There was a certain comfort in the cold of waking up alone, Michael had learnt. A particular warmth in the dip of the bed that told him that his undignified conquest from the night before had come to their senses and disappeared before the dark haired boy beside them could notice. A familiar sense of safety in the empty bedside table – no number, awkward note or painkillers. Michael had found home in his hungover state of “lost.” And he liked it that way.

 

That’s not to say that had always been the case; up until six months ago, his home was waking up in the soft arms of an enigmatic masterpiece that drooled on his chest and melted his heart.

 

_“Morning, sleepyhead.”_

_“How many times are you gonna say that to me?”_

_“Every morning I wake up before you.”_

_“Arsehole.”_

But life had a funny way of changing things, and Michael had a funny way of not being able to deal with the change – and so he woke up alone.

He stretched alone.

He showered alone.

He made two plates of banana pancakes and two mugs of just-too-sweet coffee alone.

He ate his plate on his two-seated sofa, watching the shitty daytime TV that came with his 2pm breakfast time, alone.

 

_“We’ve got to start waking up earlier. I don’t think I can handle one more fucking episode of Come Dine With Me.”_

_“Well whose fault is that you fucking sleepy lump of shit?”_

_“I’m not the one who kept the lights on to play Mario Kart until 2am.”_

_“Yeah, but you’re the one who can’t deal with anything less than ten hours sleep.”_

_“Like you don’t love cuddling me for ten hours.”_

_“I don’t love being drooled on for ten hours.”_

_“Arsehole.”_

He’d seen this episode of Come Dine With Me before. The creepy maths teacher won, even though his crème brulee looked like shit. Michael had baked a better crème brulee that night, and the sweet-toothed connoisseur of all things food who’d watched him make it said it was the best thing he’d ever tasted. Michael wondered if that had changed by now. Michael wondered if a lot of things had changed, like he promised they never would. But promises were made to be broken and empty thoughts were a waste of time.

 

As routine, he left the apartment at exactly 3pm. The door clunked shut with a little creak, the way it always had done, and the smell of banana pancakes that had wafted into the hallway faded away by the time he reached the steps. He took the stairway two at a time, sliding his hand down the cool black bannister all the way to the third floor. He moved to the left then, avoiding the splashes of purple paint that coated the short flight of stairs.

 

_“Are you sure she’ll like this?”_

_“Look, purple’s her favourite colour and she always complains about the steps being too boring. What’s not to love?”_

_“What if her mum gets mad though?”_

_“You panic too much, babe. It’s just one bannister, not like we’re painting all the fucking stai… Oh.”_

_“Michael, don’t tell me you just dropped the paint.”_

_“I think we should go.”_

The light in the lobby was always just slightly too bright for the slightly too permanent hangover that trapped Michael’s nerves.
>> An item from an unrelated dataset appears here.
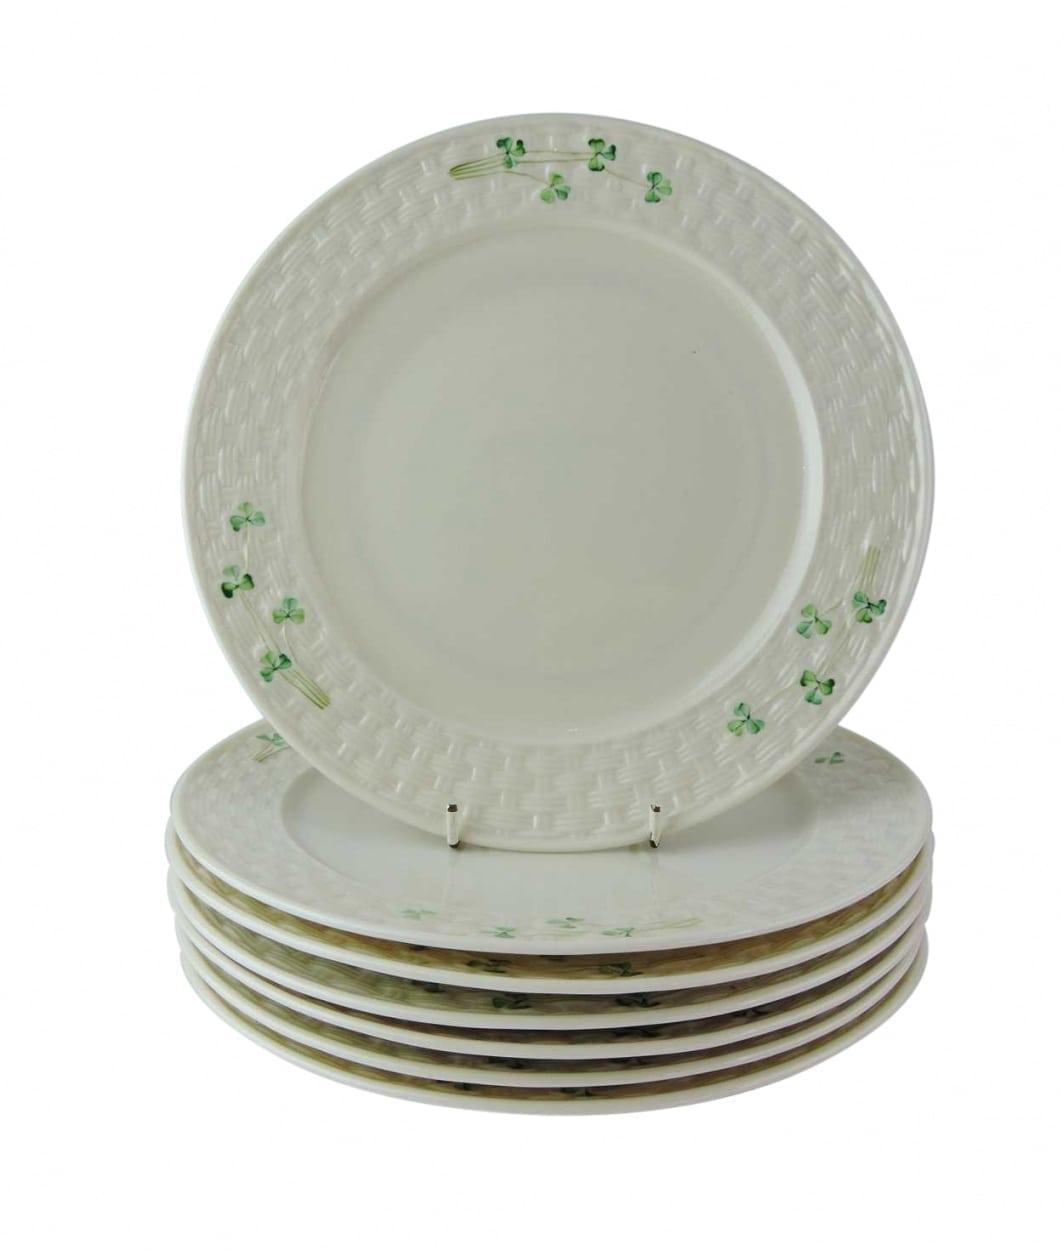 Belleek Shamrock Dinner Plate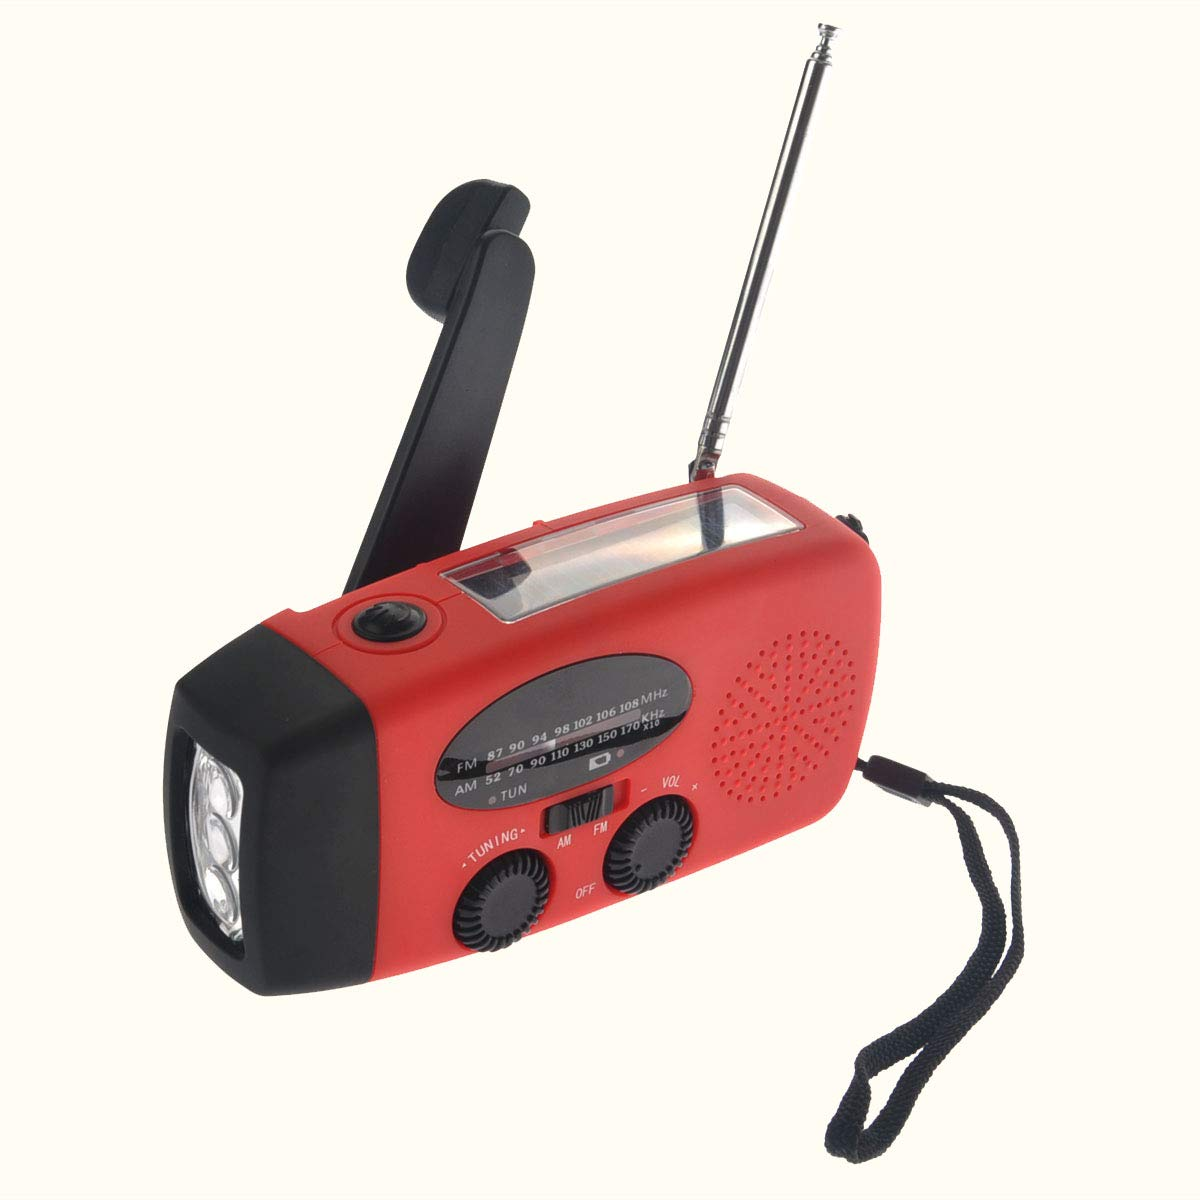 VOSAREA Emergency Solar Crank AM FM Camp Radio with LED Flashlight USB Output Port(Red) by VOSAREA (Image #9)

The inquisitive stares and judgmental scoffs from neighbours Michael had long since forgotten the names of went unnoticed; another regularity that no longer held significance. He stumbled towards the front desk, avoiding the cracked black tiles beneath his feet. It was an irreversible habit of his to stick to the white tiles, too adjusted to the embarrassed whispers of _“I always feel like I’m going to fall through them”_ that would creep into his ears every afternoon, hot breathy giggles hitting his neck as two pairs of feet would jump from white space to white space. Michael rubbed his neck, almost as an instinct, when stepping over a barely noticeable stain of red; a result of a drunken venture into the lobby one night six months ago, when those words still charged his blood and sobs still ripped through his throat too frequent for sleep to take over.

 

In his state of lost, Michael had found but one anchor to his old happiness that didn’t reignite the burning ache in his chest. Mr Gustave was frightfully old and even more frightfully aggressive. The front desk was his territory and those brave enough to stay longer than the short seconds to exchange keys and cards were more often than not swept away with a wave of grumpy retorts and dismissive hand signals.

 

Michael was Mr Gustave’s exception, for some reason that remained unknown to Michael. The two greeted one another with the routine grunt before two pairs of keys were slid from shaking pale hands, stained with blood, absinthe and pancake batter, and the customary snapback and sunglasses combination was placed on the desk. The two said goodbye with another grunt, and Michael meandered out of the lobby.

 

_“It looks better backwards.”_

_“No it fucking doesn’t, I look like a chav.”_

_“An adorable chav.”_

_“Babe, chavs aren’t adorable.”_

_“Oh whatever, just put it on backwards.”_

Michael left the building, red-rimmed eyes hidden behind dark shades and still-damp hair hidden under tattered snapback – worn backwards, as always.

 

The road ahead was drowning under the puddles from last night’s rain, and Michael’s socks were sodden by the time he’d reached the end of the street. Two lefts, a right past the piercing place, down the alley by Joe’s Garage and across the beck; Michael knew the roads like the veins in his hand, sharp and pulsing and too alive for his own good. His destination was the same every day, the kick-start to his downward spiral of consciousness that began at exactly 4pm Monday through Sunday, rain or shine.

 

Ashton Irwin smiled when Michael stumbled through his door, uttering a quiet hello that wasn’t acknowledged, as always. The familiar creak of the dark haired body hitting the threadbare sofa opposite Ashton signaled the beginning of a routine that had been in place for just short of six months.

 

Michael passes Ashton $20.

“Have you heard anything?”

Ashton counts the $20.

“No.”

Ashton reaches under the sofa.

“What about Jack?”

Michael reaches under the sofa.

“No.”

Ashton puts the money in a worn black wallet.

“Ben?”

Michael grasps the neck of the vodka beneath his feet.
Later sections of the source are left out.